IBM trials enterprise deep packet sniffing

IBM has started developing security software that used deep packet inspection and "man-in-the-middle" attacks on internet traffic to lock down consumer devices on enterprise networks.

Dr Paul Ashley, engineering manager at IBM's security lab on the Gold Coast, told iTnews the techniques were being used to bring "application control" to enterprises.

"[Companies] have good, strong front doors - they have a nice DMZ with firewalls and IPS and all this monitoring," he said.

"What hackers are really doing is saying 'that's a hard way of getting into the enterprises. An easier way is to go in through the users'."

Though enterprises largely had a handle on existing applications on company-approved computers, the increasing trend for employees to bring personal devices into the workplace posed a new security issue, Ashley said.

The prevalence of circumvention technologies like port and protocol hopping amongst even legitimate thick client applications saw IBM resort to techniques usually reserved for hacker and penetration testers within sandboxed environments.
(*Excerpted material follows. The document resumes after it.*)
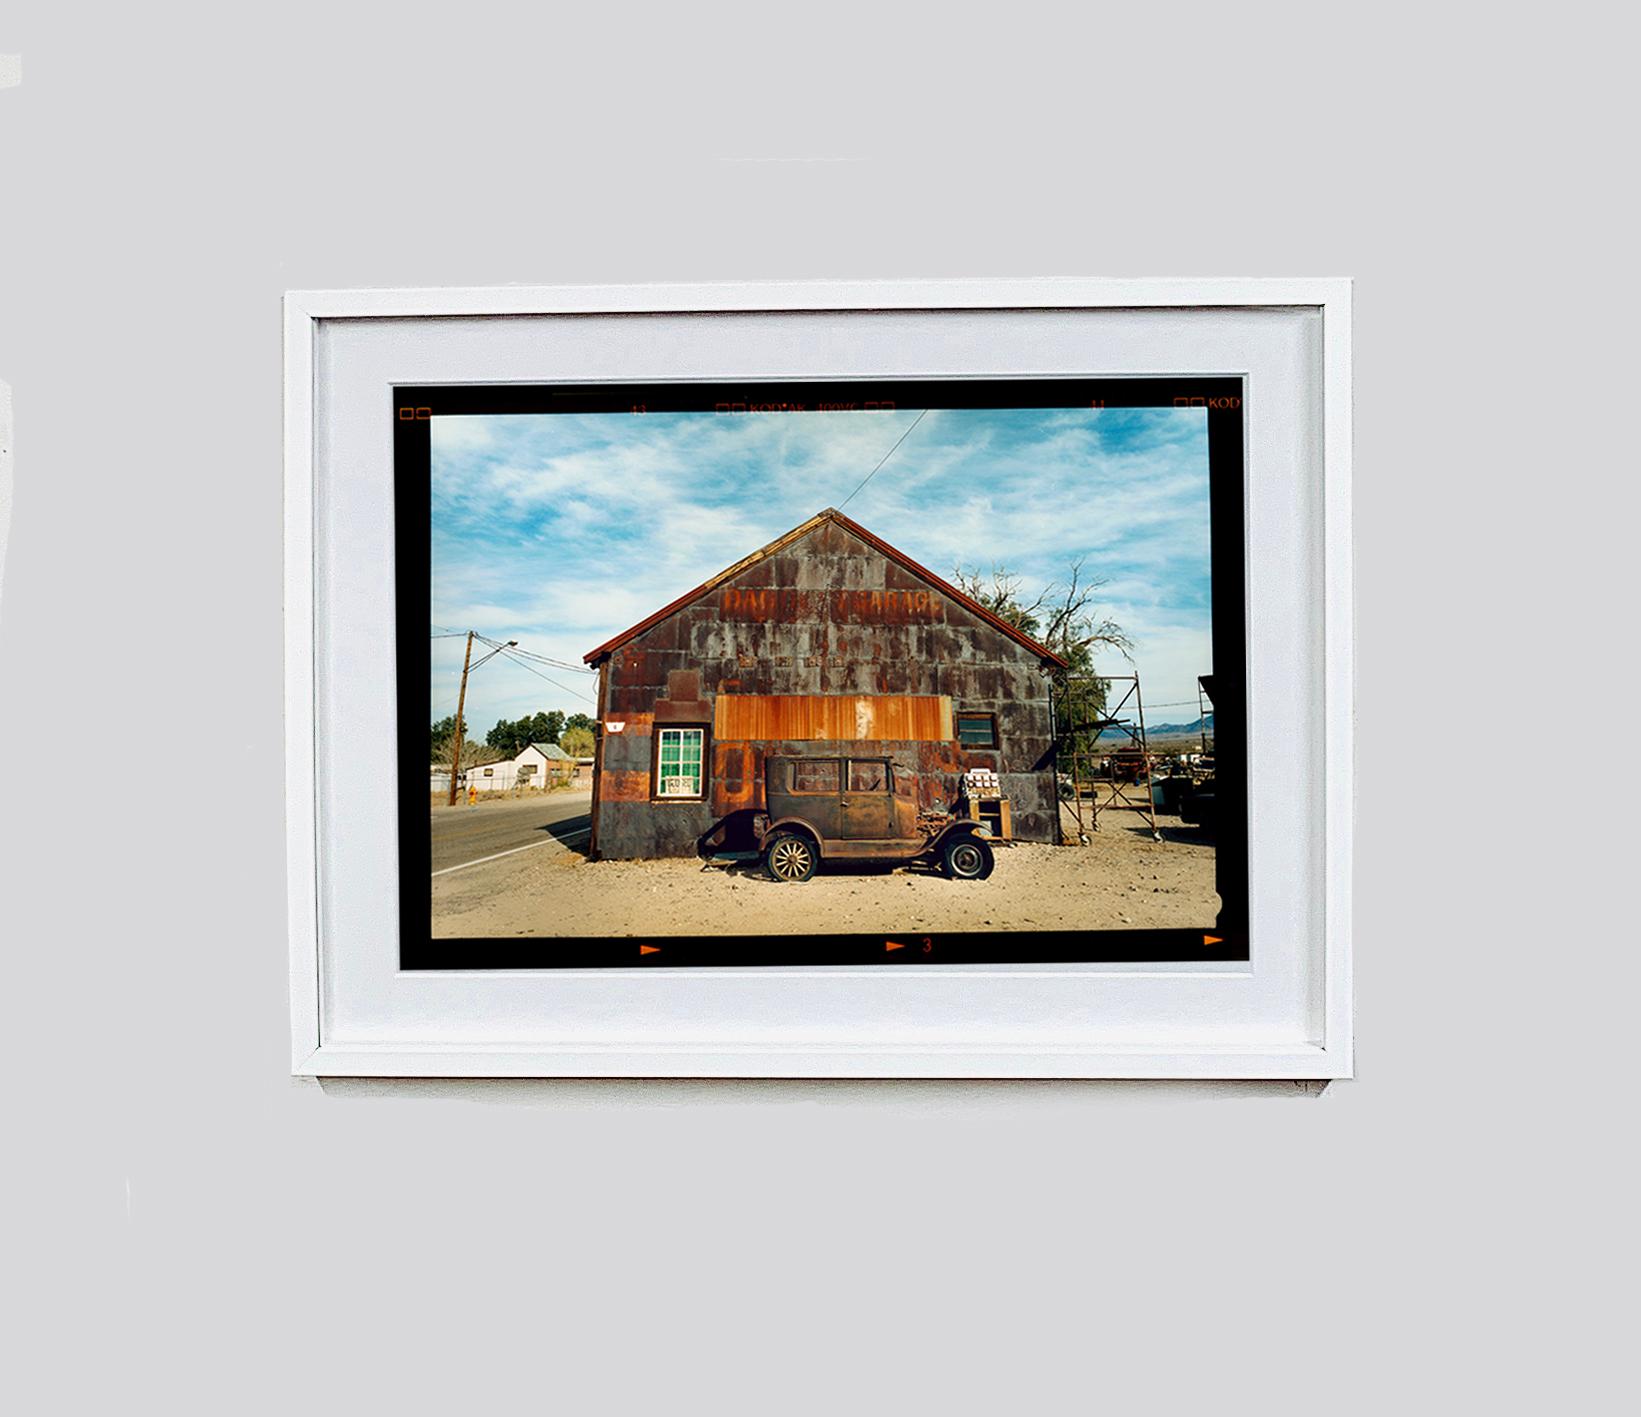 Modell T und Garage, Daggett, Kalifornien – Farbfotografie (Zeitgenössisch), Photograph, von Richard Heeps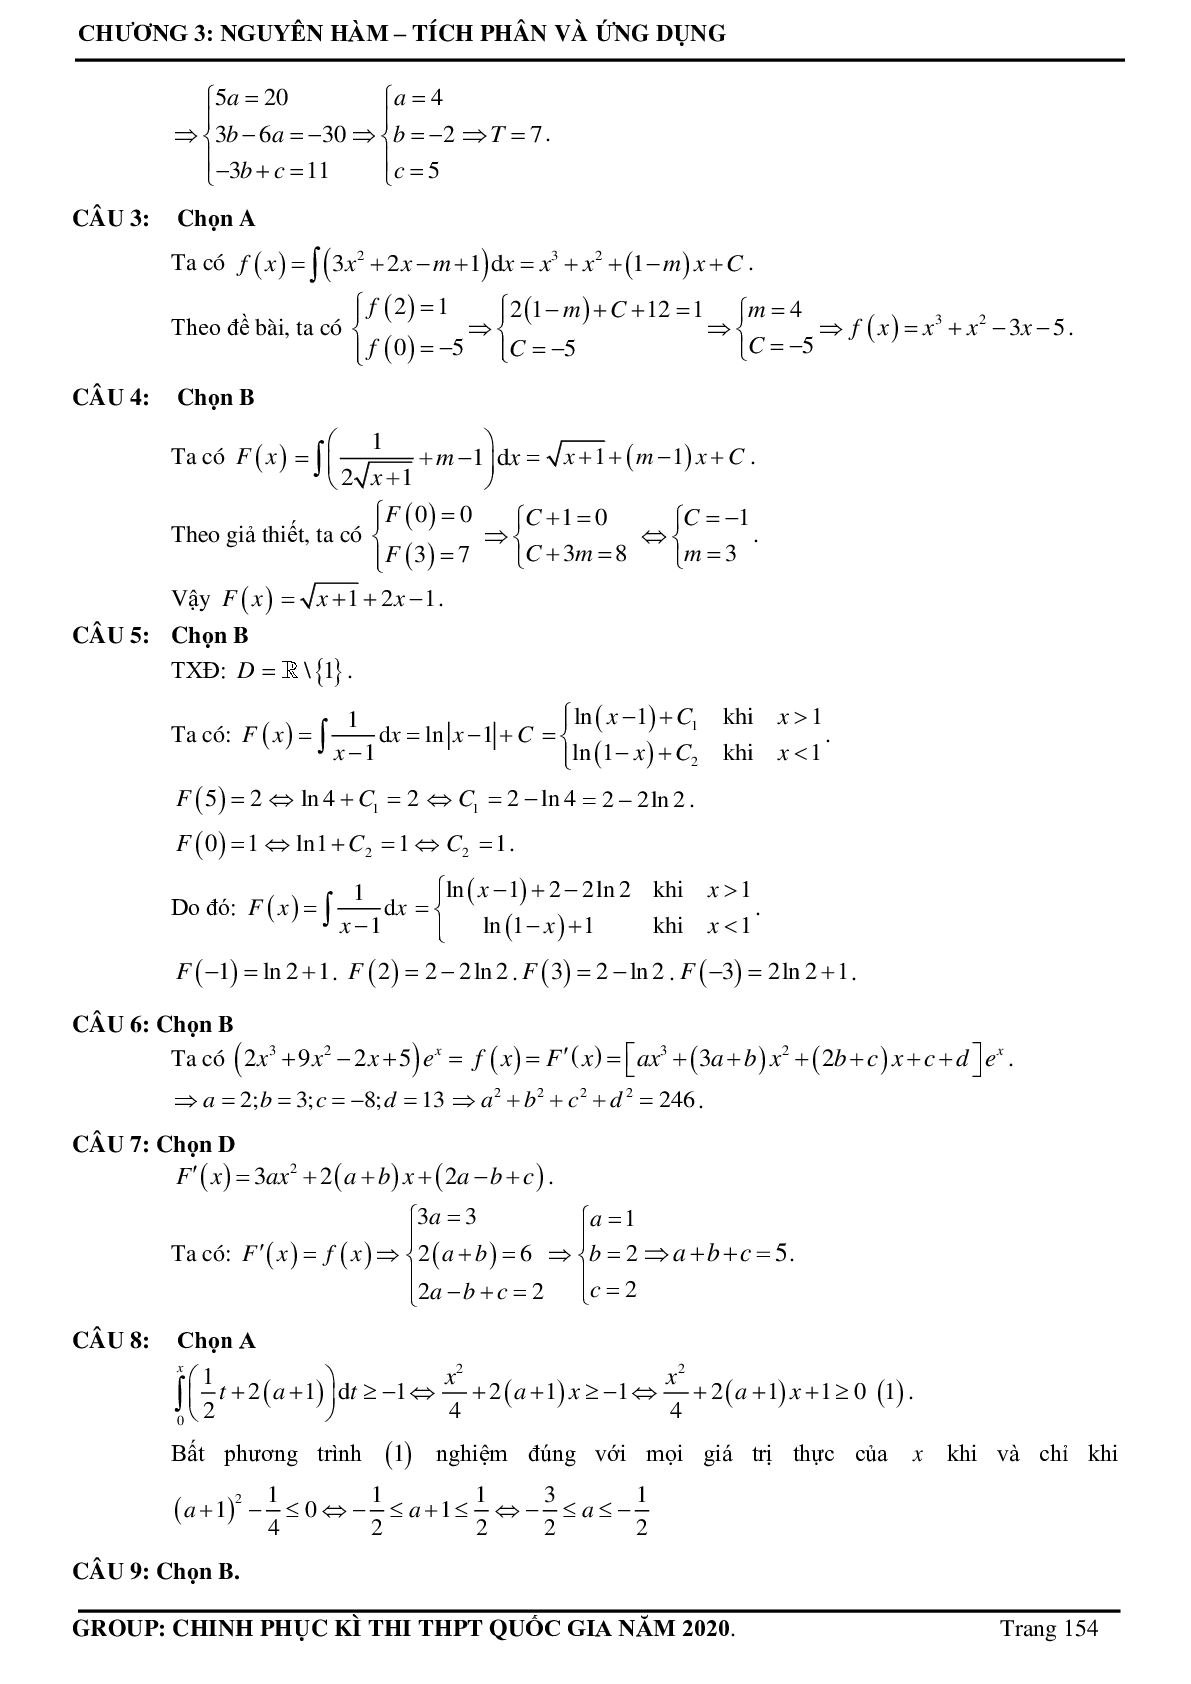 Tuyển chọn các bài toán Nguyên hàm - Tích phân Vận dụng cao thường xuất hiện trong đề thi - có đáp án chi tiết (trang 5)

This included wide use of deep packet inspection to identify certain applications, which would be cross-checked against a database of classified Web applications collated by IBM's X-Force security team. That portfolio was growing by one to two applications per week, according to Dr Ashley.

Forthcoming software from the company would also likely use "man-in-the-middle" attacks to circumvent those Web applications using the secure HTTP and SSL protocols, which Dr Ashley said was necessary in cases where the application was unknown.

"Applications 15 years ago obeyed a set of rules... that's all gone," he said.

"In the last two years, we've gone away from the 'teenager in the bedroom' sort of attack to something much more corporate; government attacks, mafia-type attacks, criminal organisations which are much more sophisticated, much more targeted.

"We're seeing a change from attacking through the door and instead getting something on to your devices as a stepping stone into your organisation."

James Hutchinson attended the Pulse 2011 Conference as a guest of IBM.